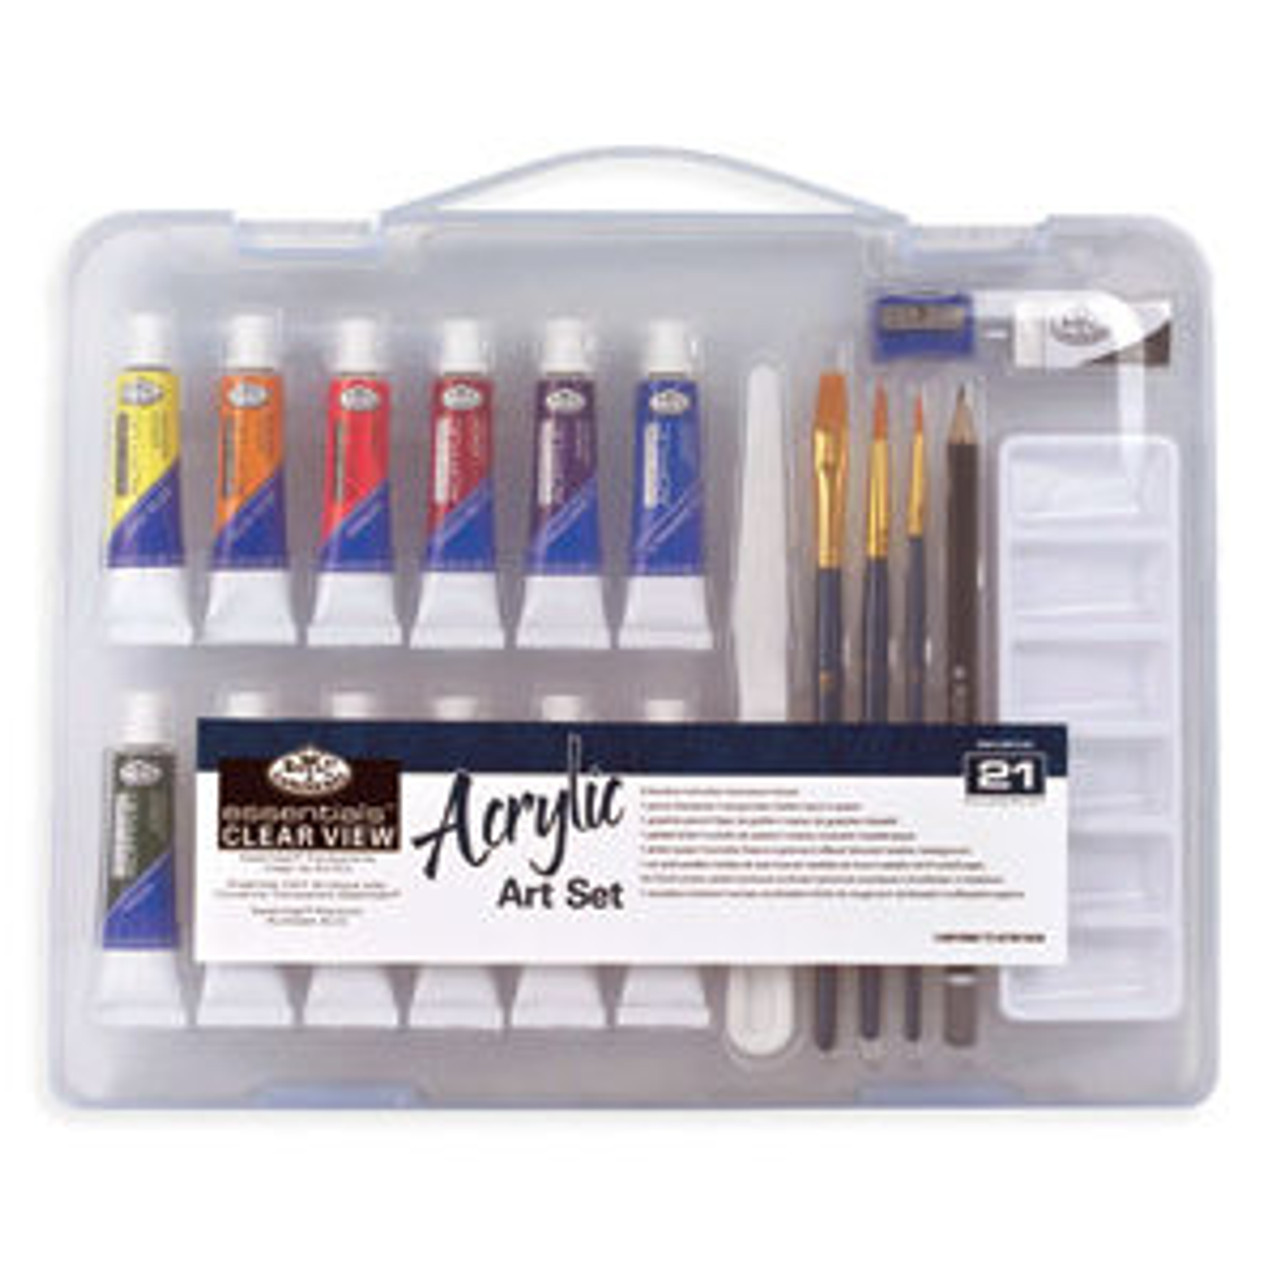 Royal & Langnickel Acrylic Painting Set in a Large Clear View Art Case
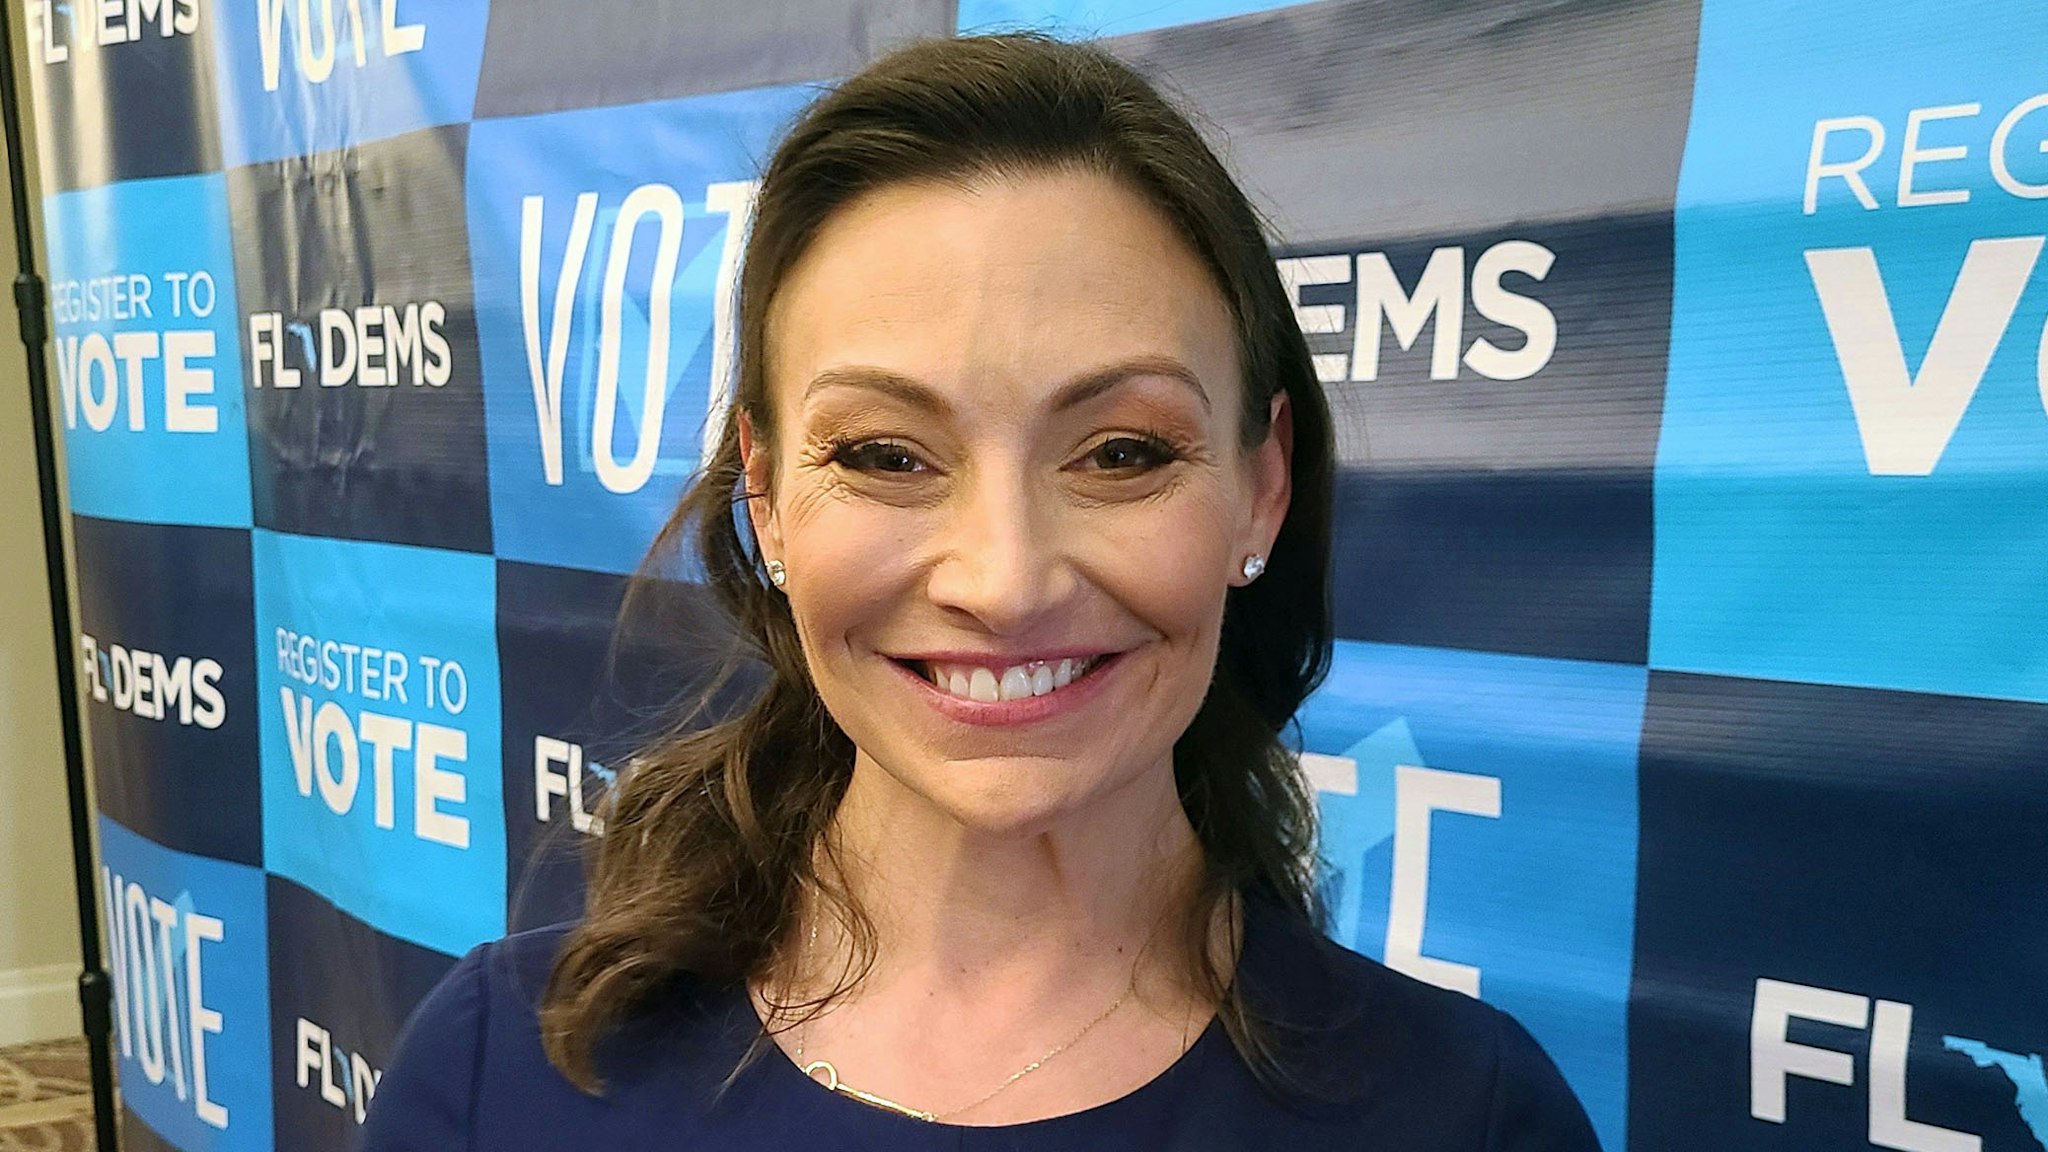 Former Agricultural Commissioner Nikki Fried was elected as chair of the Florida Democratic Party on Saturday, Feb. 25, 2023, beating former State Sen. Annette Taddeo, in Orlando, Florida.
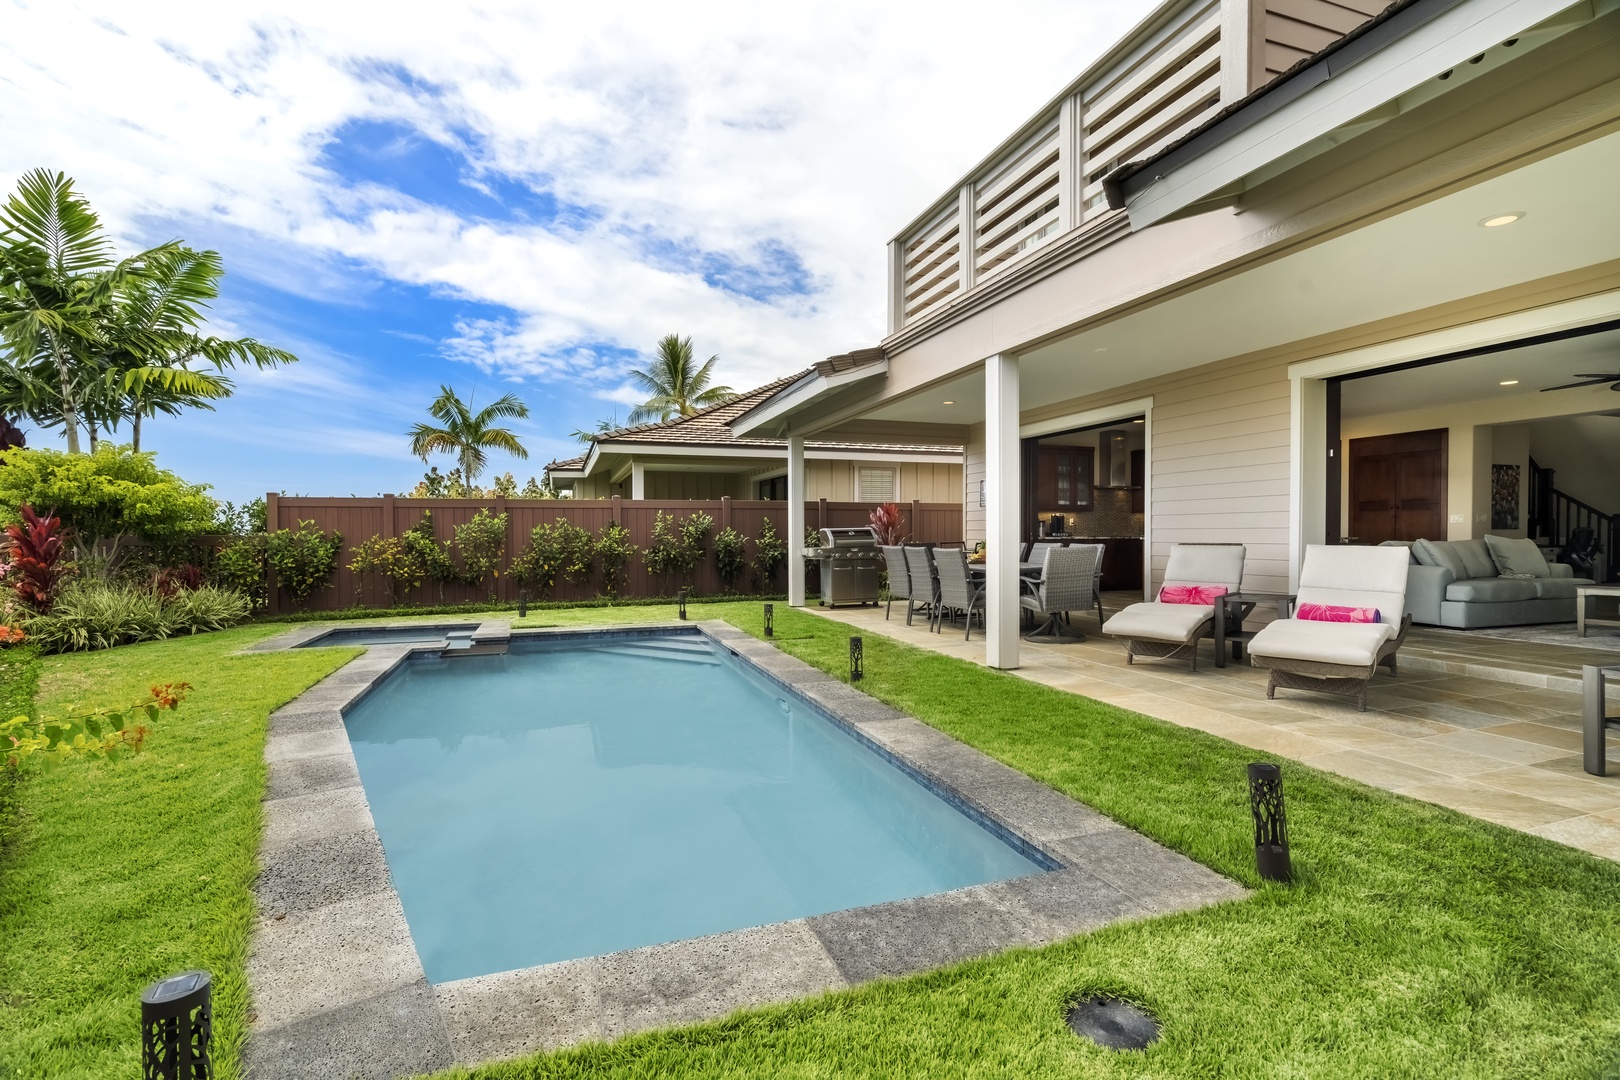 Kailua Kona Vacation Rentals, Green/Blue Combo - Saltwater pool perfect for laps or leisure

------------------------------------------------

### What needs to be done
Word for word, write out the full listing, leaving the pictures aside.

### Result
 Royal & Langnickel Acrylic Painting Set in a Large Clear View Art Case
 Former Agricultural Commissioner Nikki Fried was elected as chair of the Florida Democratic Party on Saturday, Feb. 25, 2023, beating former State Sen. Annette Taddeo, in Orlando, Florida.
 Kailua Kona Vacation Rentals, Green/Blue Combo - Saltwater pool perfect for laps or leisure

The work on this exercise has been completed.